## Input data

----------------

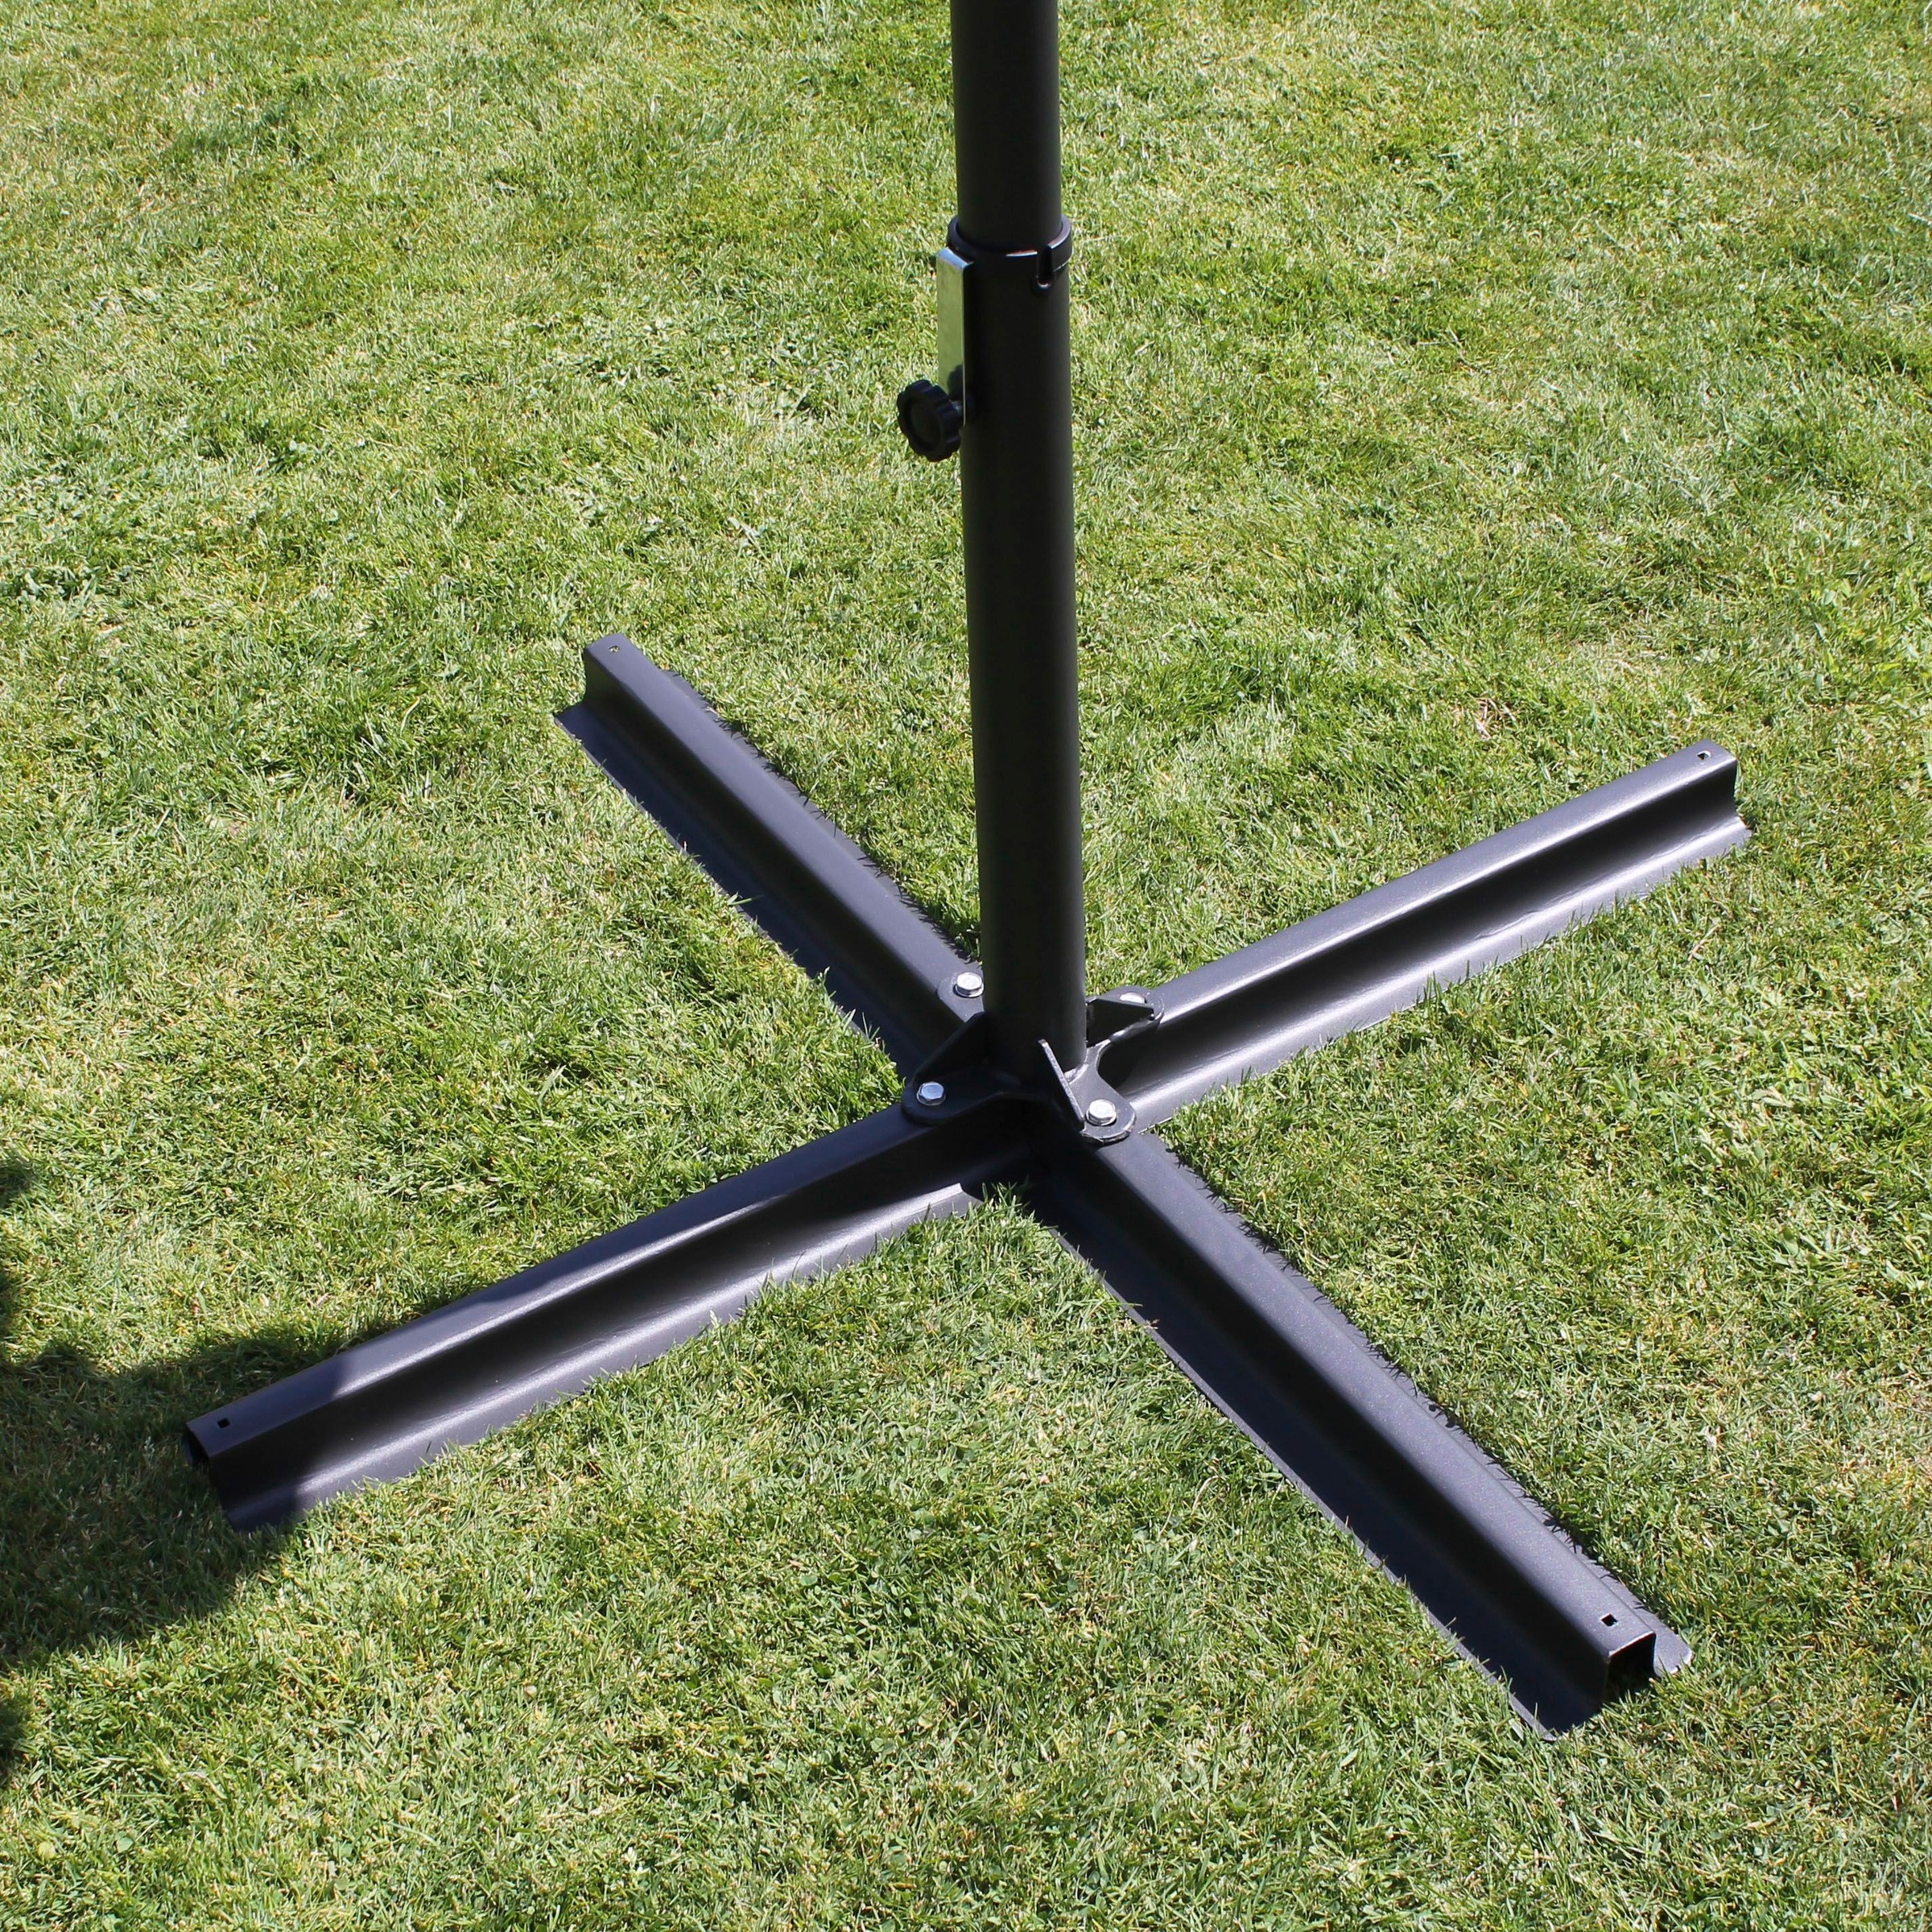 Leco Plattenständer »Kreuzständer aus Stahl«, 100x100 cm passend z.B. für Oval-Schirm (Ohne Sonnenschirm)
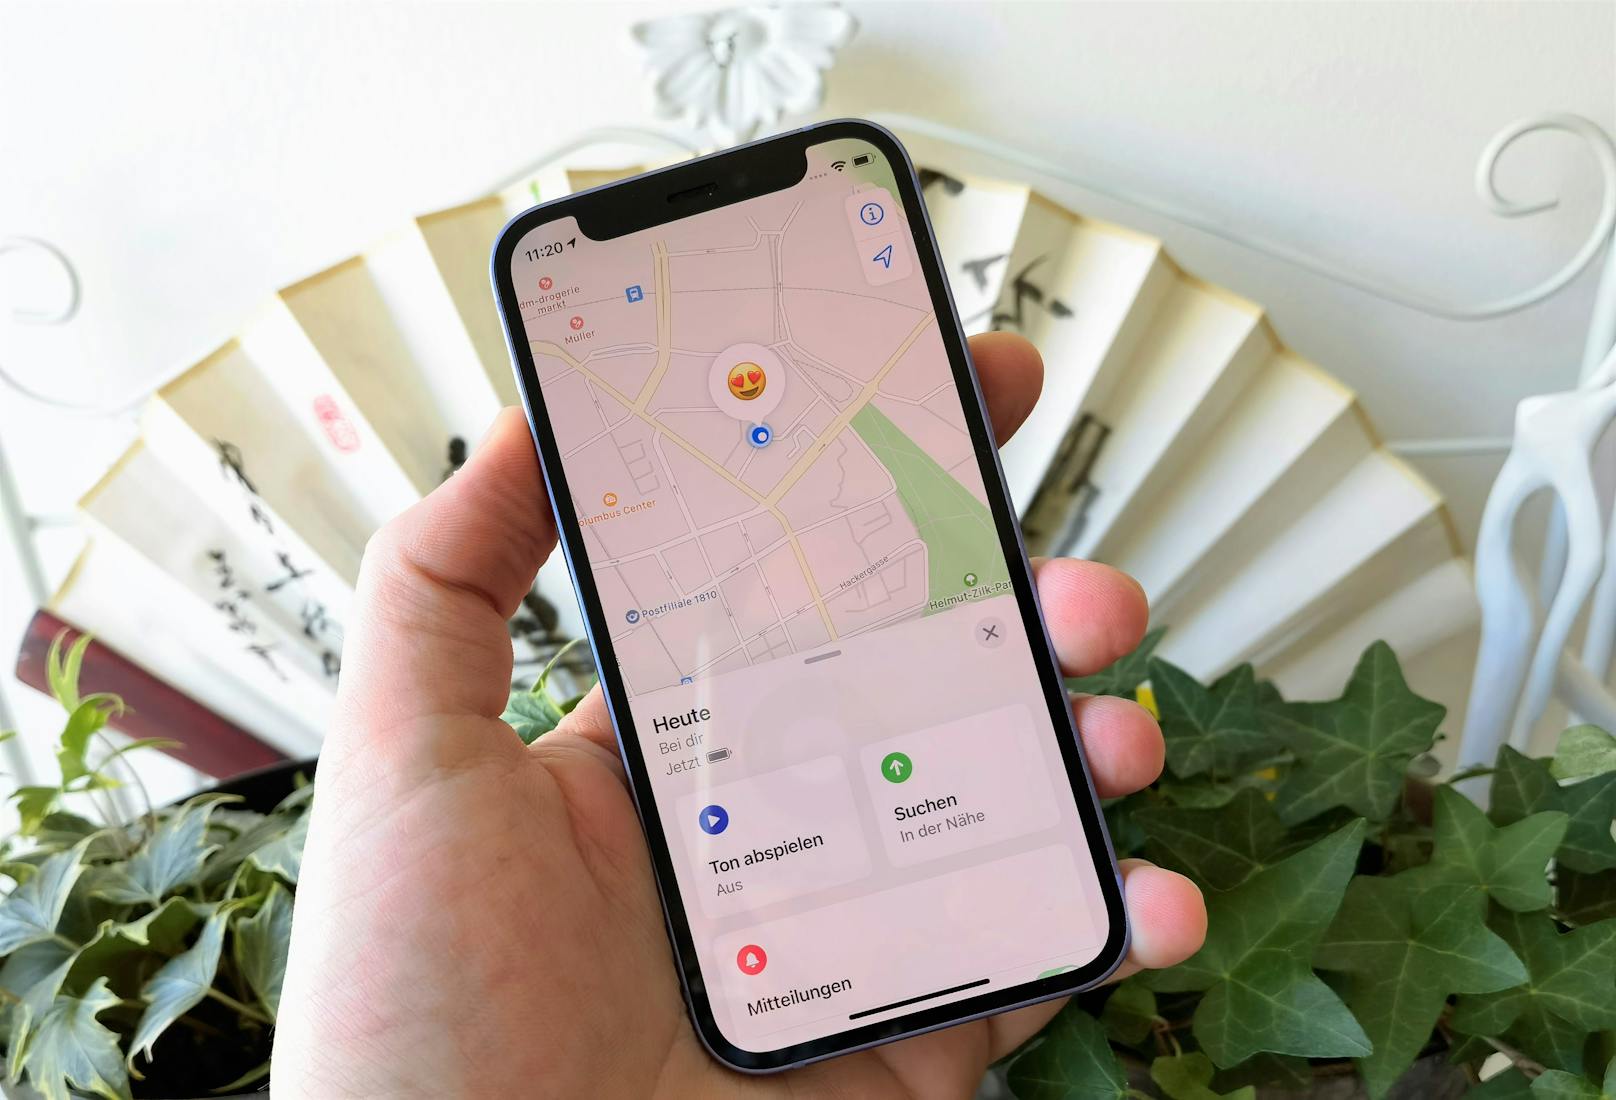 Der AirTag kann auf Wunsch am iPhone mit einem vorgegeben ("Schlüssel", "Jacke" und Co.) oder personalisiertem Namen und einem Emoji versehen werden. Über die "Wo ist?"-App wird dann der genaue Standort des AirTags auf einer Karte angezeigt.
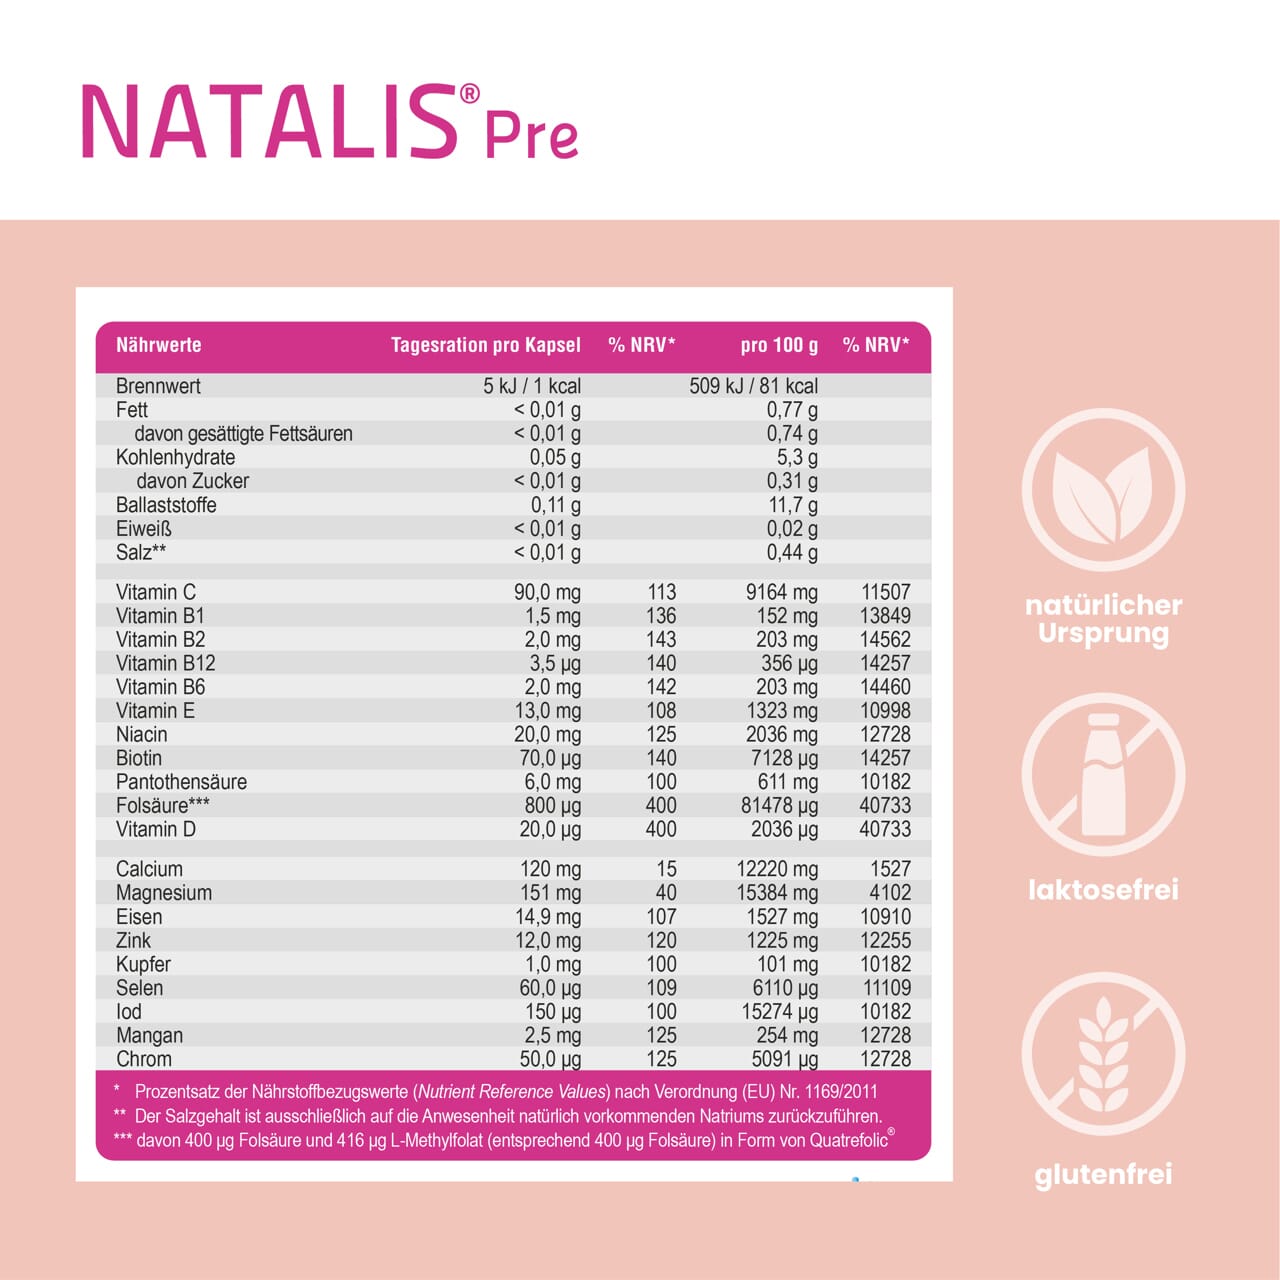 Nährwertangaben der NATALIS® Pre Kapseln, Informationen über Kalorien und Vitamine, Hinweise auf natürlichen Ursprung, lactose- und glutenfrei.

----------------

The response must match the listing exactly, except that pictures are removed.

## Task response
 Leco Plattenständer »Kreuzständer aus Stahl«, 100x100 cm passend z.B. für Oval-Schirm (Ohne Sonnenschirm)
 Der AirTag kann auf Wunsch am iPhone mit einem vorgegeben ("Schlüssel", "Jacke" und Co.) oder personalisiertem Namen und einem Emoji versehen werden. Über die "Wo ist?"-App wird dann der genaue Standort des AirTags auf einer Karte angezeigt.
 Nährwertangaben der NATALIS® Pre Kapseln, Informationen über Kalorien und Vitamine, Hinweise auf natürlichen Ursprung, lactose- und glutenfrei.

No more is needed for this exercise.